Wrongful Termination Myths and Misconceptions: Employer Tricks


Has your employer fired you from your job? It can be a disturbing experience, especially when you are sure you haven’t done anything wrong and have a family to support. However, you don’t need to take things lying down. You can discuss your situation with a lawyer for wrongful termination and find out if you might have a case against your employer.

There are many myths and misconceptions floating around regarding wrongful termination. And some employers may use these to take advantage of their employees and trick them out of their legal right to work. When you consult a lawyer for wrongful termination, they will explain what is factual and what isn’t and improve your understanding of state employment law.

Here are some wrongful termination myths and misconceptions you need to be aware of:

Myth 1: You cannot sue your employer for wrongful termination if you leave the job

That is not true. You can sue your employer for wrongful termination, even if you no longer work for them. It may have become untenable for you to continue working for them due to the hostile environment, but that doesn’t mean you have to forfeit your rights. You can hire a reputable lawyer for wrongful termination, sue your employer, and get appropriate compensation.

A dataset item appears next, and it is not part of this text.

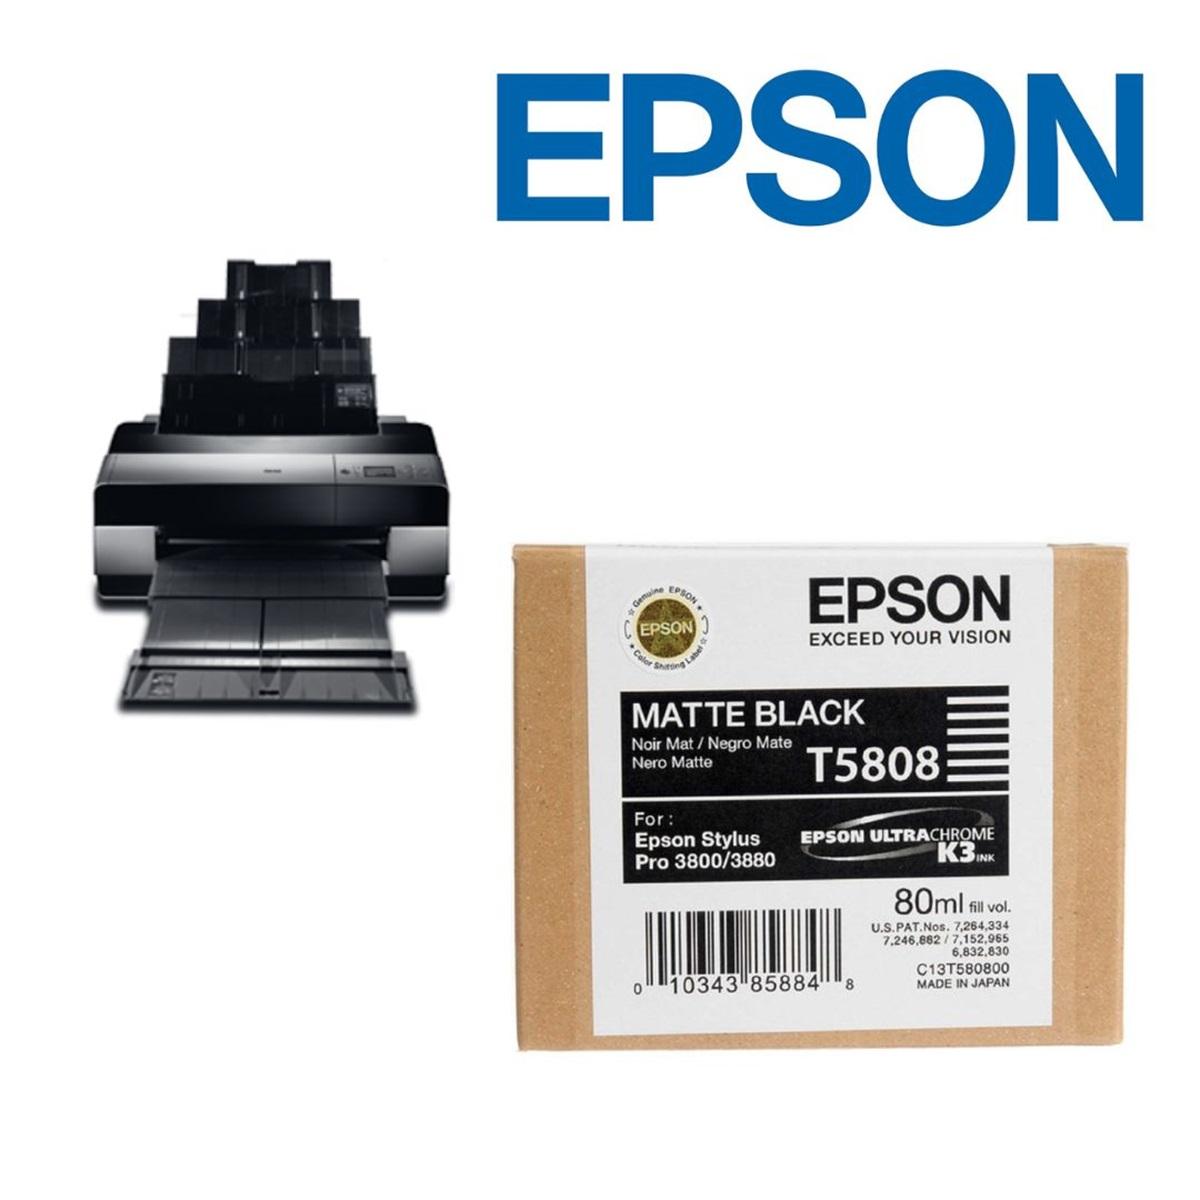 Epson UltraChrome K3, T580, 80ml Inks

Myth 2: You cannot sue your employer for wrongful termination if you are an independent contractor

Independent contractors also have employment rights. So, if you have grounds to claim that your employer fired you from your job for malicious reasons, you may be able to sue them for wrongful termination.

Myth 3: You cannot sue your employer for wrongful termination if you are an at-will employee

Under California law, employment is on an at-will basis. It means that, unless you and your employer have a contract stating otherwise, they are hiring you on an ‘at-will’ basis. That gives them the legal right to terminate your job at any time for any reason. For instance, if they dislike the way you dress or you smell, they can ask you to leave. It can be an absolutely frivolous reason, and it will still be perfectly legal. You cannot sue them for wrongful termination.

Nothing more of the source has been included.